8.No Guarantee of Continued Service. PARTICIPANT ACKNOWLEDGES AND AGREES THAT THE VESTING OF SHARES PURSUANT TO THE VESTING SCHEDULE HEREOF IS EARNED ONLY BY CONTINUING AS A SERVICE PROVIDER AT THE WILL OF THE COMPANY (OR THE PARENT OR SUBSIDIARY EMPLOYING OR RETAINING PARTICIPANT) AND NOT THROUGH THE ACT OF BEING HIRED, BEING GRANTED THE OPTION OR ACQUIRING SHARES HEREUNDER. PARTICIPANT FURTHER ACKNOWLEDGES AND AGREES THAT THIS AGREEMENT, THE TRANSACTIONS CONTEMPLATED HEREUNDER AND THE VESTING SCHEDULE SET FORTH HEREIN DO NOT CONSTITUTE AN EXPRESS OR IMPLIED PROMISE OF CONTINUED





ENGAGEMENT AS A SERVICE PROVIDER FOR THE VESTING PERIOD, FOR ANY PERIOD, OR AT ALL, AND WILL NOT INTERFERE IN ANY WAY WITH PARTICIPANT'S RIGHT OR THE RIGHT OF THE COMPANY (OR THE PARENT OR SUBSIDIARY EMPLOYING OR RETAINING PARTICIPANT) TO TERMINATE PARTICIPANT'S RELATIONSHIP AS A SERVICE PROVIDER AT ANY TIME, WITH OR WITHOUT CAUSE.

9.Nature of Option.
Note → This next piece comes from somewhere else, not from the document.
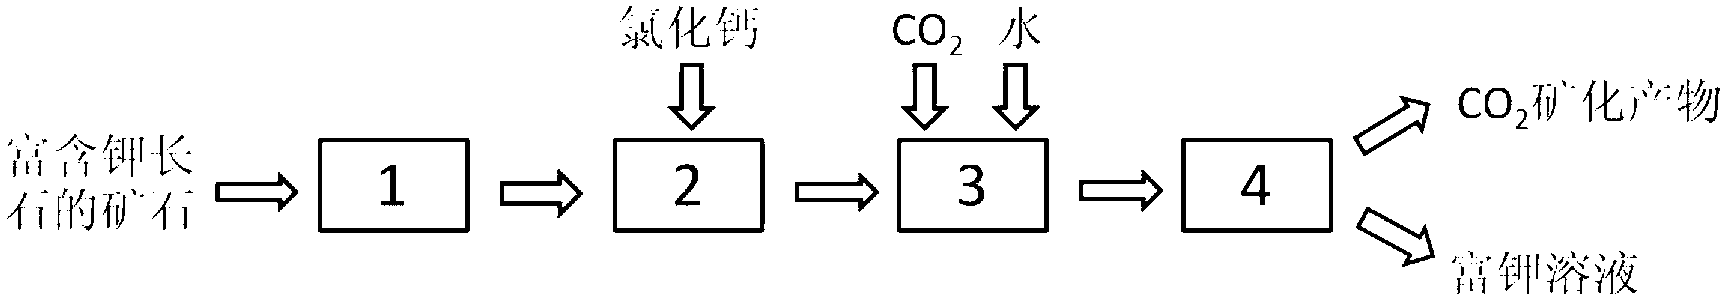 CO2 mineralization method capable of co-producing potassium-enriched solution by high temperature method

By entering into this Agreement and accepting the grant of an Option evidenced hereby, Participant acknowledges that:

(a)the grant of the Option is voluntary and occasional and does not create any contractual or other right to receive future grants of Options, or benefits in lieu of Options, even if Options have been granted repeatedly in the past;

(b)all decisions with respect to future Option grants, if any, will be at the sole discretion of the Administrator;

(c)Participant is voluntarily participating in the Plan;

(d)the Option and the Shares subject to the Option are not part of normal or expected compensation or salary for any purpose, including, but not limited to, calculating any severance, resignation, termination, redundancy, dismissal, end-of-service payments, bonuses, long-service awards, pension or retirement or welfare benefits or similar payments and in no event should be considered as compensation for, or relating in any way to, past services for the Employer, the Company or any Parent or Subsidiary of the Company;

(e)the Option and the Shares subject to the Option are not intended to replace any pension rights or compensation.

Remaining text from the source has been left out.